Post last comment,I found

"The canonical format of an IPv4 prefix has all bits of
the IPv4 address set to zero that are not part of the
IPv4 prefix.";

As per above statement in RFC, following are examples of valid/invalid IP address prefixs.

//few Invalid IP's
Address =10.0.10.2/24; 10.0.10.0/20 ;10.10.17.0/20 ; 10.10.50.0/20

//Few valid IP's
Address ="10.0.10.0/24"; "10.0.0.0/20" ; "10.10.16.0/20"; "10.10.48.0/20"

Patch having above implementaion is done locally.
Please let me know I can submit same.

-Rashmi.

Working on the patch as suggested, in following gerrit link :

https://git.opendaylight.org/gerrit/#/c/29801/

Rashmi

Patch modified after review, is now available on same gerrit link.

Patch was made some time ago, but it's outdated now.
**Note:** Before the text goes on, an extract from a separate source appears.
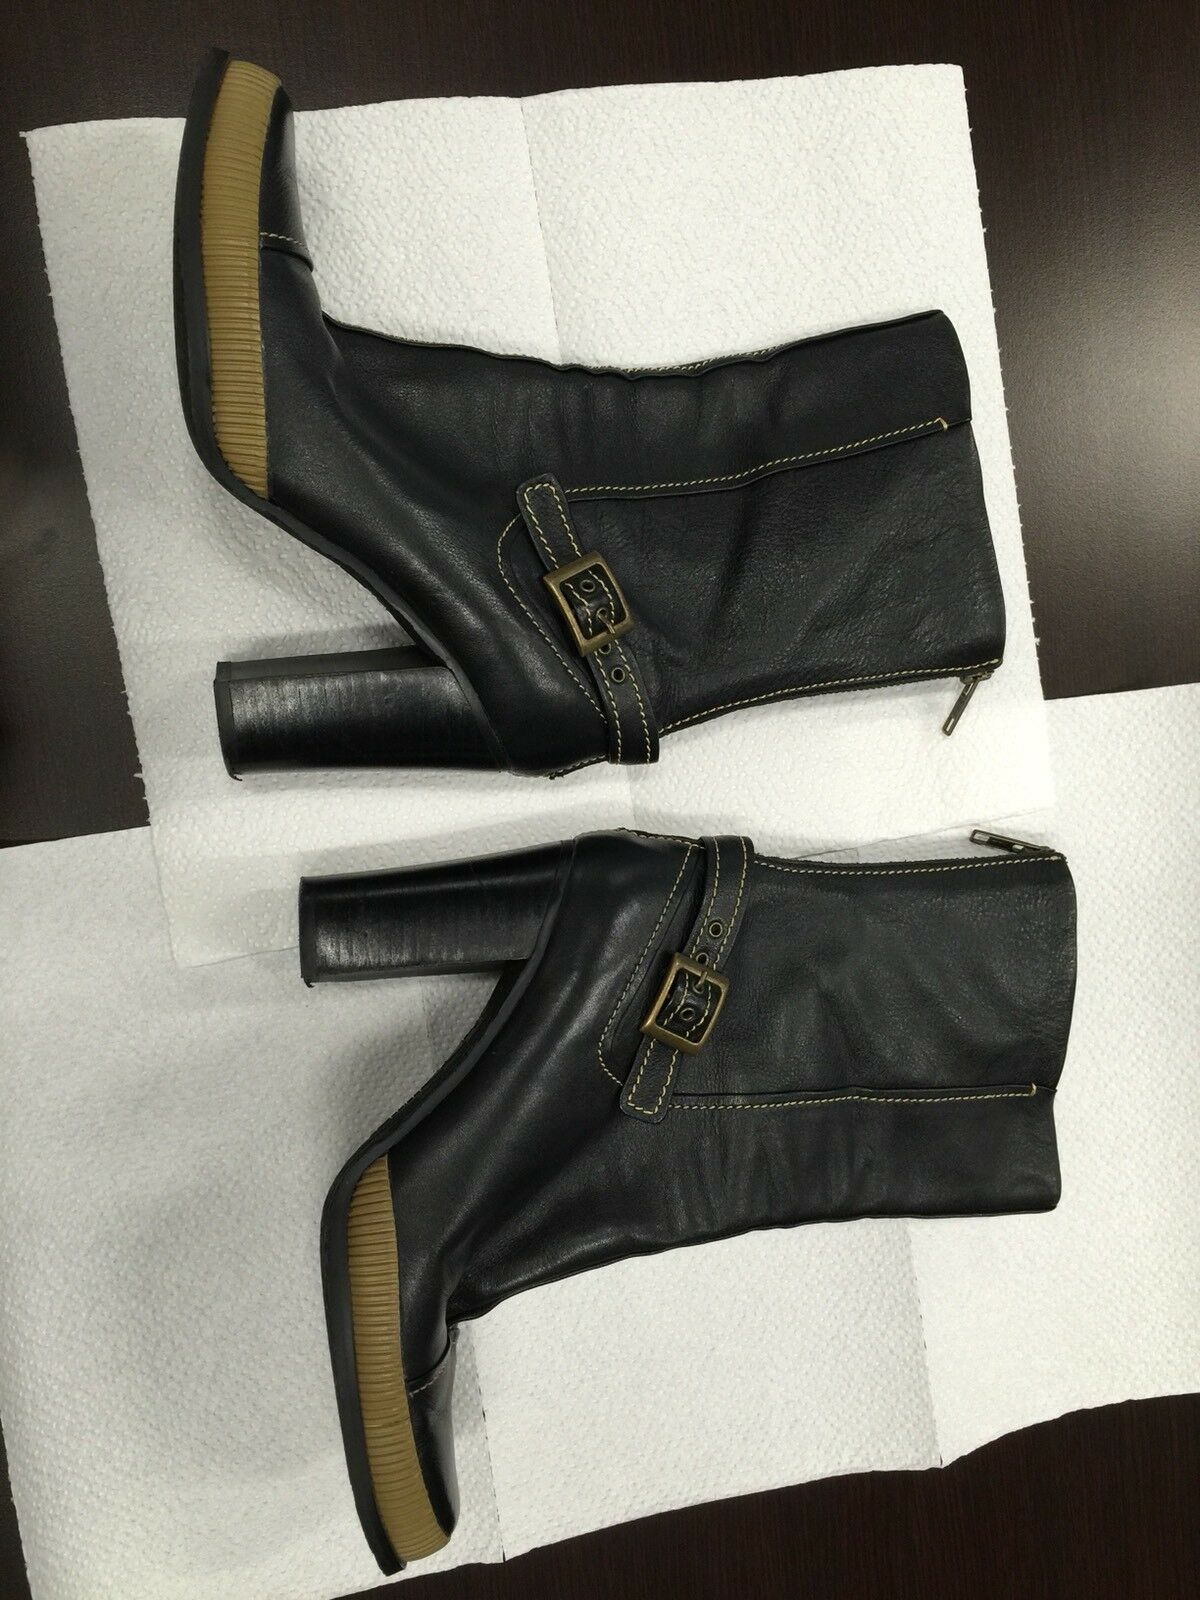 Ladies Daniblack Boots Size 7-1/2 M Black With Brown Accents Zipper Ankle

In the meantime custom match comparator was added (in OPNFLWPLUG-722) which solved the problem of matching flows (config vs. operational) in the case when switch "fixes" IP address according to mask - e.g. configured: 10.0.0.1/24 - installed and returned: 10.0.0.0/24. However this fixing is present in OVS up to version 2.3 only. More recent versions of OVS (2.4 and 2.5) simply reject installation these flows with: Device reported error type BADMATCH code BADWILDCARDS.

So at this I'm not sure if we still want to add some pre-validation or if we want the user to take responsibility for correct input.

Outdated, no response few months. Closing.